On est dimanche et Lola attend sa fille, Pakita (Céline Lo Presti... qui ne vient pas. Que lui est-il arrivé ? Que se passe-t-il ? Pourquoi n'a-t-elle pas prévenue de son retard ? Pendant ce temps-là, le voisin scout (Grégory Vouland) demande à cirer les chaussures de la maison... alors que Lola doit subir les assauts de son beau-frère (Clément Olivieri), fou amoureux d'elle.
Quand débute "La Danseuse du crépuscule", on peut être surpris par le ton décalé et les premières scènes baignant dans un absurde pince-sans-rire. Faut-il s'amuser des situations embarrassantes dans lesquelles se complait la belle-mère de Lola ou faut-il plaindre la danseuse d'être réduite au rôle de garde-malade ?

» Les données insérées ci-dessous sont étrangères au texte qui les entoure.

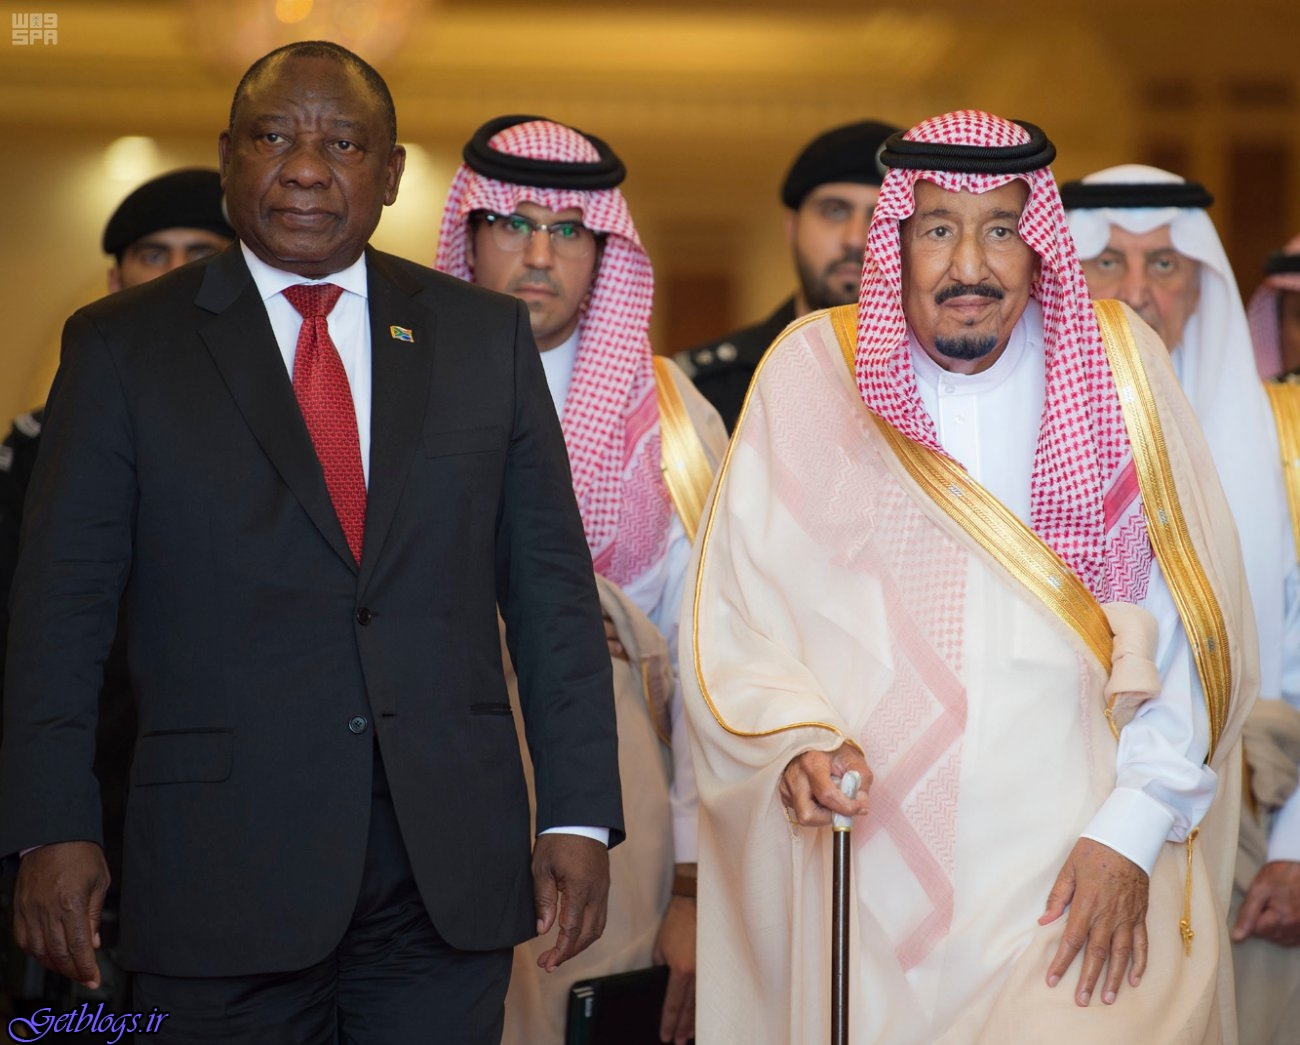 سرمایه گذاری سنگین عربستان جهت مقابله با کشور عزیزمان ایران در آفریقای جنوبی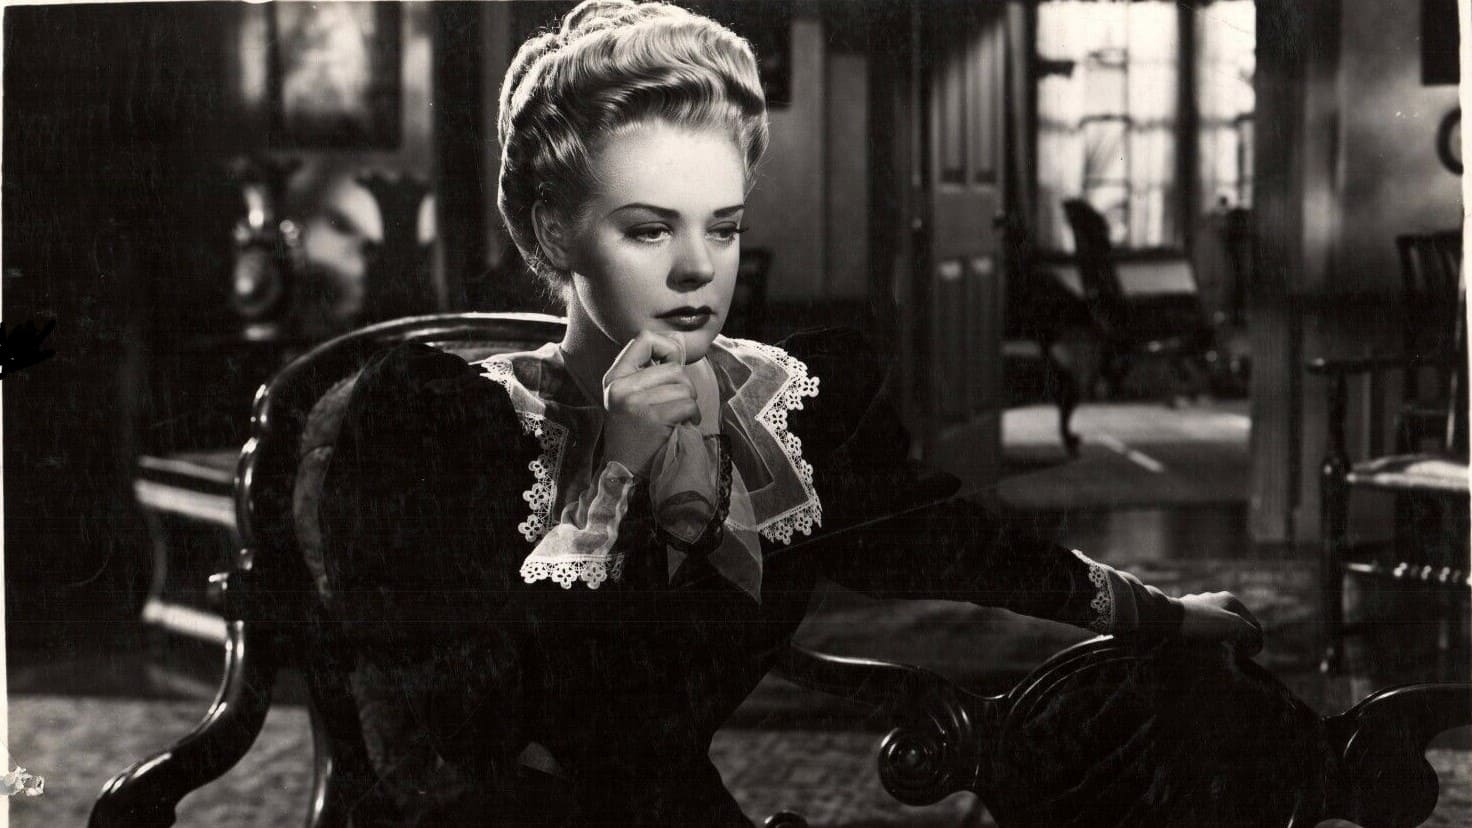 Lillian Russell (1940)

Il faudra donc un peu de temps pour saisir qu'on est devant un drame et pas une comédie, même si certaines scènes peuvent susciter de l'hilarité. "La Danseuse du crépuscule", c'est la vie sans avenir de Lola, au délicieux accent ibérique, condamnée à attendre son mari et la mort de sa belle-mère. Comment pourrait-elle, dans ce climat morose, se rêver encore sur un plateau à taper du pied et à tournoyer dans sa belle tenue d’apparat noire et rouge ?
Si la pièce de Claude Ferri-Pisani, qui n'en est qu'à ses premières représentations, mériterait peut-être quelques aménagements, elle n'est pas, néanmoins, dénué d'intérêt, notamment grâce à l'interprétation inspirée de Martine Fontaine qui compose une Lola fragile et fière, engluée dans l'Angleterre profonde, ainsi que celle de Catherine Artigala totalement à l'aise dans un personnage "borderline".
Peu à peu, on est conquis par un texte qui aboutit à un final émouvant et poétique, qui donne l'occasion à Lola de remettre ses habits de Lola. La mise en scène d'Isabelle Jeanbrau gagne en intensité. Si, dans les premières minutes,on peut ne pas accrocher et rester insensible au "second degré" de la pièce, celle-ci prend pourtant peu à peu son envol.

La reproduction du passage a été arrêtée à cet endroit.